Bovenstaande honoraria voor onderzoek van de jaarrekening is gebaseerd op de totale honoraria voor het onderzoek van de jaarrekening 2024 door de externe accountant BDO Audit & Assurance (2023: idem), ongeacht of de werkzaamheden reeds gedurende 2024 zijn verricht. De kosten hebben betrekking op werkzaamheden door onafhankelijke accountantsorganisaties en externe accountants zoals bedoeld in art. 1, lid 1 Wta (wet toezicht accountantsorganisaties). Het honoraria van € 79.393 en € 3.848 ziet toe op honoraria met betrekking tot boekjaar 2022 zoals is uitgevoerd door Ernst & Young Accountants LLP.

Bestuurders en commissarissen

De bezoldiging van bestuurders omvat periodiek betaalde beloningen (zoals salarissen, sociale lasten, vakantiegeld, doorbetaling bij vakantie en ziekte, ter beschikking stelling van auto en presentiegelden) en beloningen betaalbaar op termijn (zoals pensioenlasten en jubileumuitkeringen).
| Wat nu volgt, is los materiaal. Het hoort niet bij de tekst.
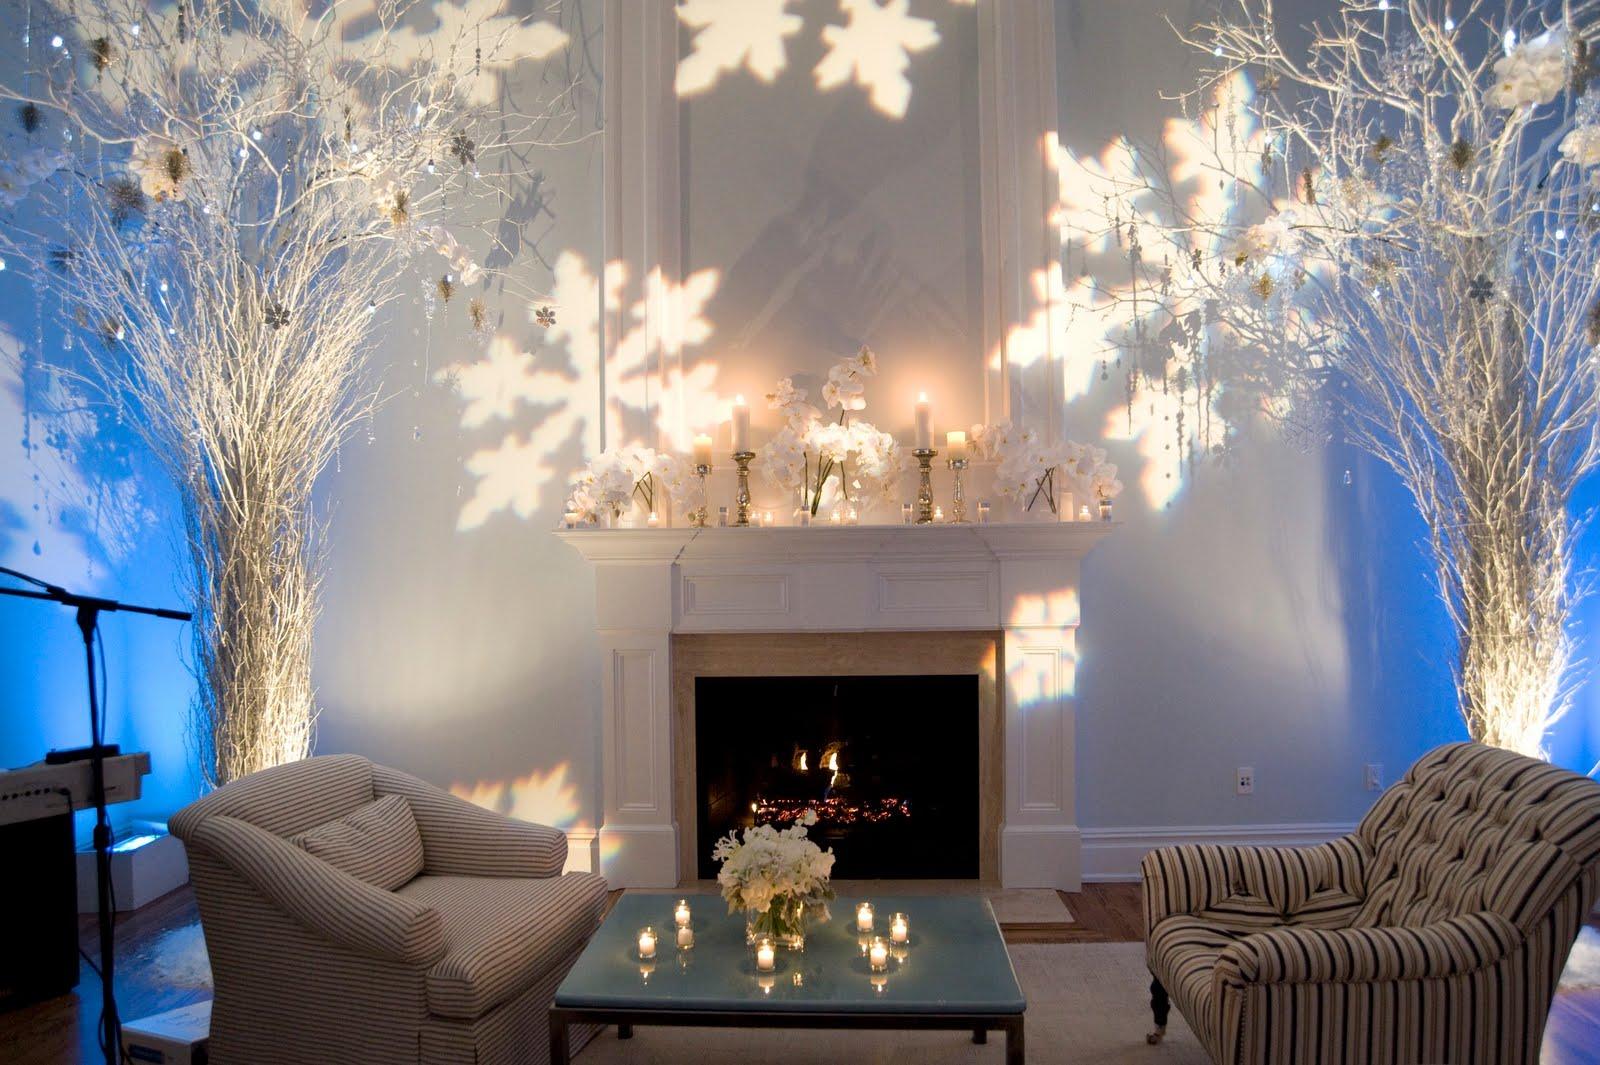 winter wonderland birthday party. Black Bedroom Furniture Sets. Home Design Ideas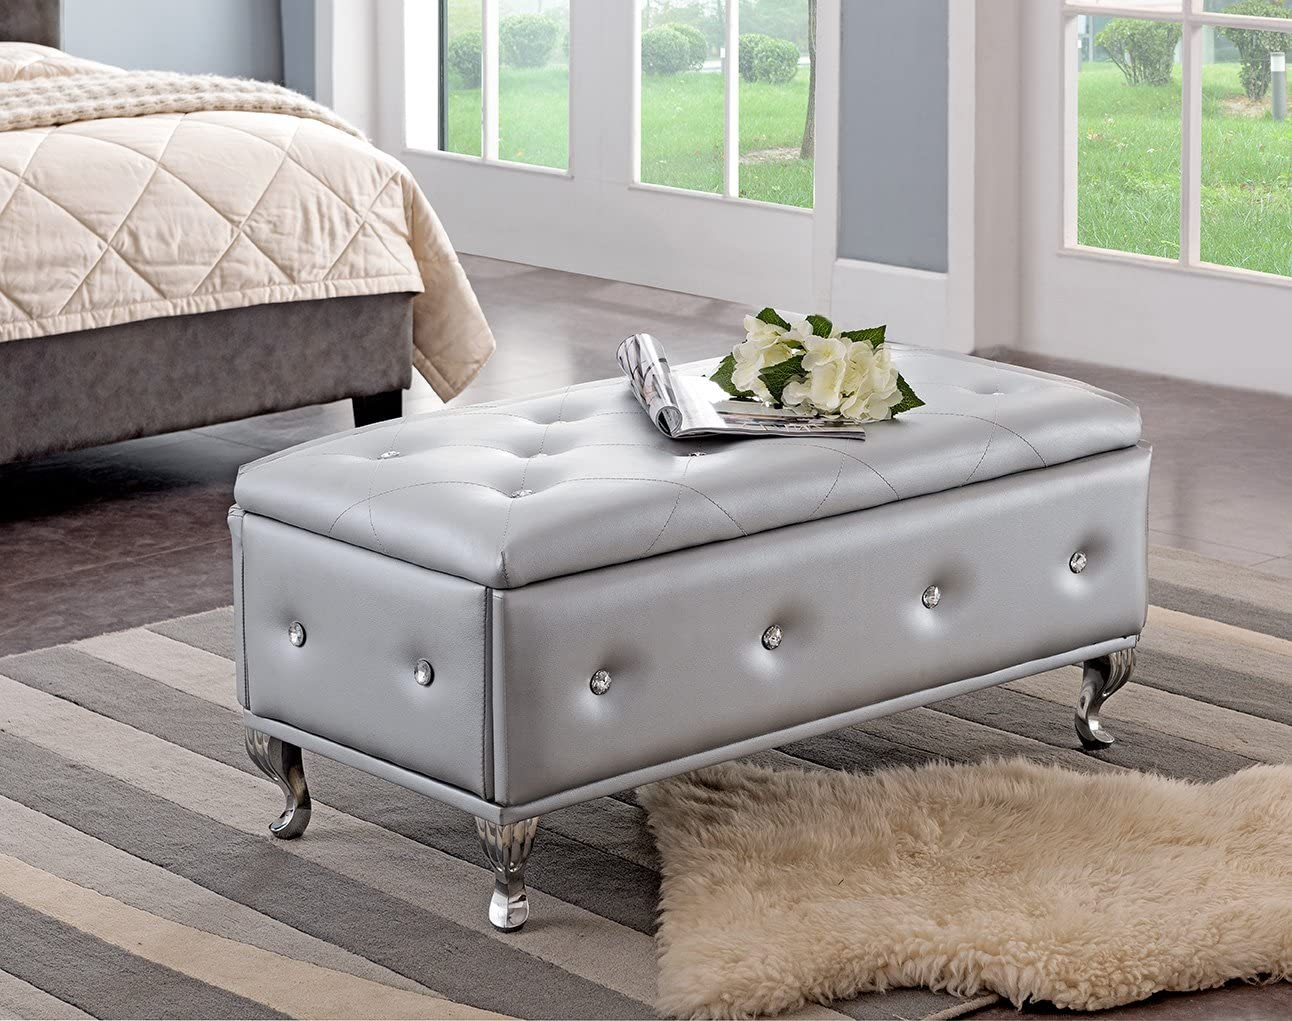 Kings Brand Furniture Silver Vinyl Tufted Design Upholstered Storage Bench Ottoman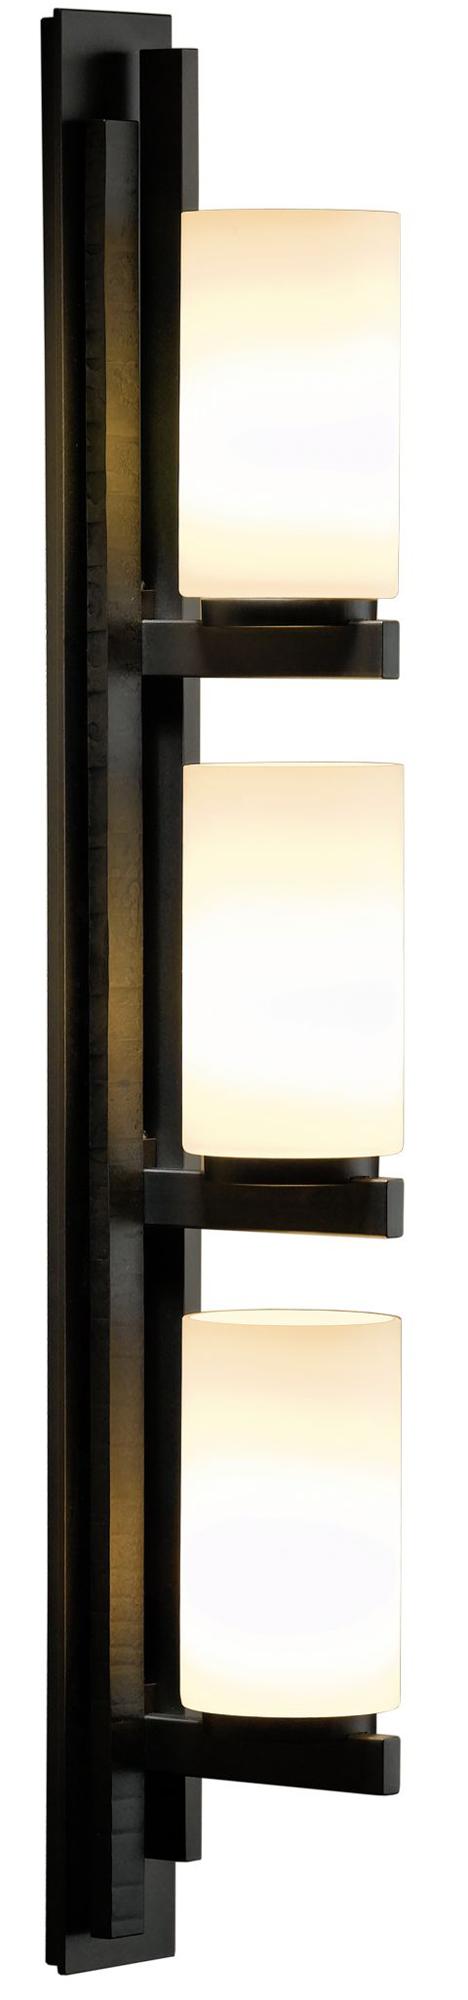 Ondrian Vertical Bathroom Vanity Light by Hubbardton Forge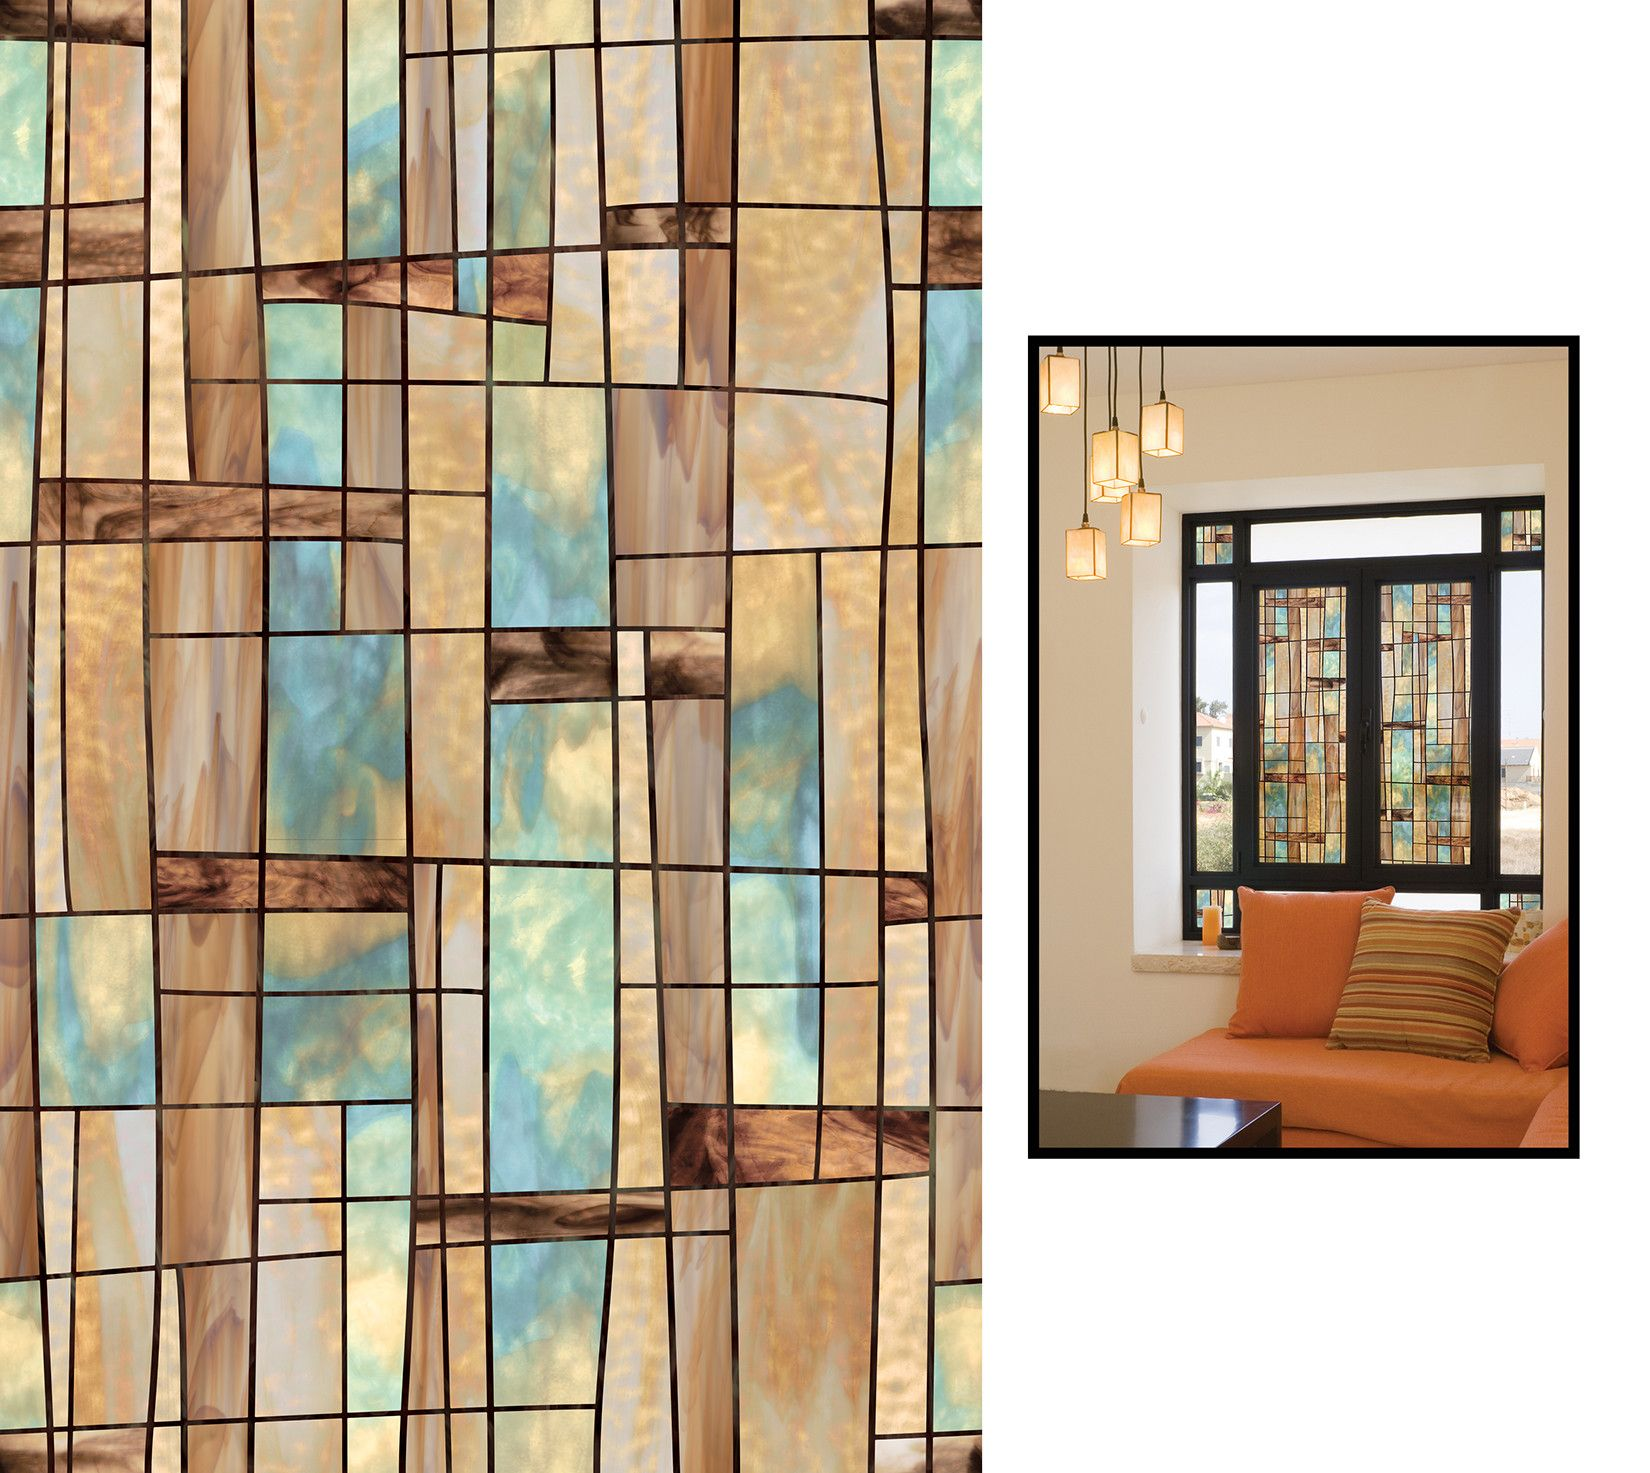 "Decorative Windows For Homes: Artscape 24"" X 36"" Decorative City Lights Window Film"

Er is geen uitkering bij het beëindigen van het dienstverband noch sprake van winstdelingen en bonusbetalingen.

Er zijn geen leningen, garanties en/of voorschotten door Pré Wonen aan bestuurders en commissarissen verstrekt.

De binnen onze organisatie geïdentificeerde leidinggevende topfunctionarissen met een dienstbetrekking hebben geen dienstbetrekking bij meerdere WNT-plichtige instelling(en) als leidinggevende topfunctionaris (die zijn aangegaan met ingang van 1 januari 2018).

De bezoldiging van huidige en gewezen commissarissen die in het boekjaar ten laste van de woningcorporaties zijn gekomen, bedragen € 100.741 (2023: € 98.120).